On Monday, August 19, AI startup Anthropic faced a class-action lawsuit in a federal court in California, accused of copyright infringement. Founded by former OpenAI research executives and backed by major investors including Amazon, Anthropic stands accused of building a vast business by unlawfully appropriating hundreds of thousands of copyrighted books. Authors Andrea Bartz, Charles Graeber, and Kirk Wallace Johnson stated in the lawsuit that “a crucial aspect of Anthropic’s business model—the flagship Claude series of large language models—is large-scale theft of copyright-protected works.” Claude is among the chatbots that surged in popularity last year, alongside OpenAI's ChatGPT and Google's Gemini.
Prior to this lawsuit, Anthropic had introduced its most powerful AI model, Claude 3.5 Sonnet, in June.
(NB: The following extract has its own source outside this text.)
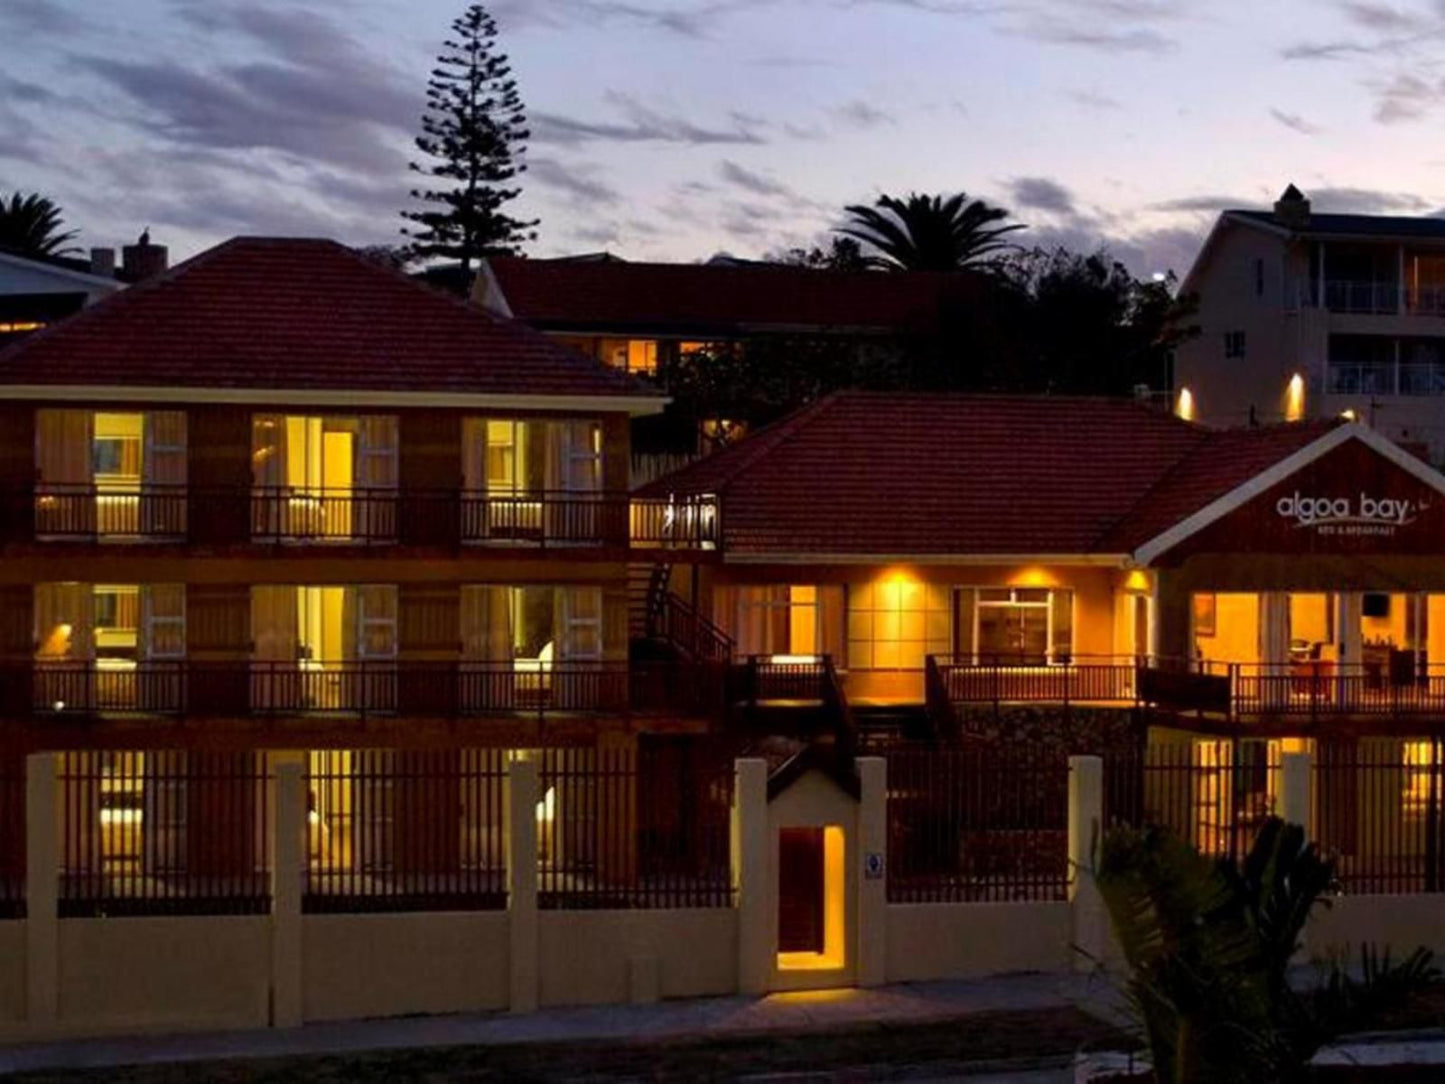 Algoa Bay Bed And Breakfast Humewood Port Elizabeth Eastern Cape South Africa House, Building, Architecture, Palm Tree, Plant, Nature, Wood

The lawsuit alleges that copyright law prohibits the actions taken by Anthropic, which involved downloading and copying hundreds of thousands of copyrighted books from pirated and illegal sites, then feeding these pirated versions into its models.
As AI-generated content becomes increasingly prevalent, many publishers and media organizations are actively seeking to protect their interests. Last October, Anthropic had already faced legal trouble when Universal Music sued the startup for “systematically and extensively infringing their lyrics copyright,” joined by other music publishers like Concord and ABKCO. In December, The New York Times also took legal action against Microsoft and OpenAI, claiming that its news content was included in ChatGPT's training data, infringing on intellectual property rights. Similar lawsuits were filed by The Chicago Tribune and seven other newspapers in April of this year. In June, the Center for Investigative Reporting, one of the oldest non-profit news organizations in the U.S., filed a copyright infringement lawsuit against OpenAI and Microsoft.
In the wake of these legal challenges, AI and media companies are beginning to seek a balance. Some news organizations have started collaborating with AI startups. In May, OpenAI announced a partnership with News Corp, allowing access to current and archived articles from The Wall Street Journal, MarketWatch, Barron’s, the New York Post, and more. Reddit also partnered with OpenAI that month, enabling the latter to train its AI models on Reddit content. In June, OpenAI and TIME magazine announced a multi-year content agreement allowing OpenAI access to over a century's worth of current and archived articles from TIME. This collaboration will enable OpenAI to showcase TIME content in its ChatGPT chatbot, answering user queries and potentially using it for future AI model training.
In July, Perplexity AI launched a revenue-sharing model for publishers, with media outlets like Fortune, TIME, Entrepreneur, Texas Tribune, and Der Spiegel among the initial participants. Most recently, on August 20, OpenAI announced a partnership with Condé Nast, enabling ChatGPT and SearchGPT to feature content from Vogue, The New Yorker, Condé Nast Traveler, and other publications.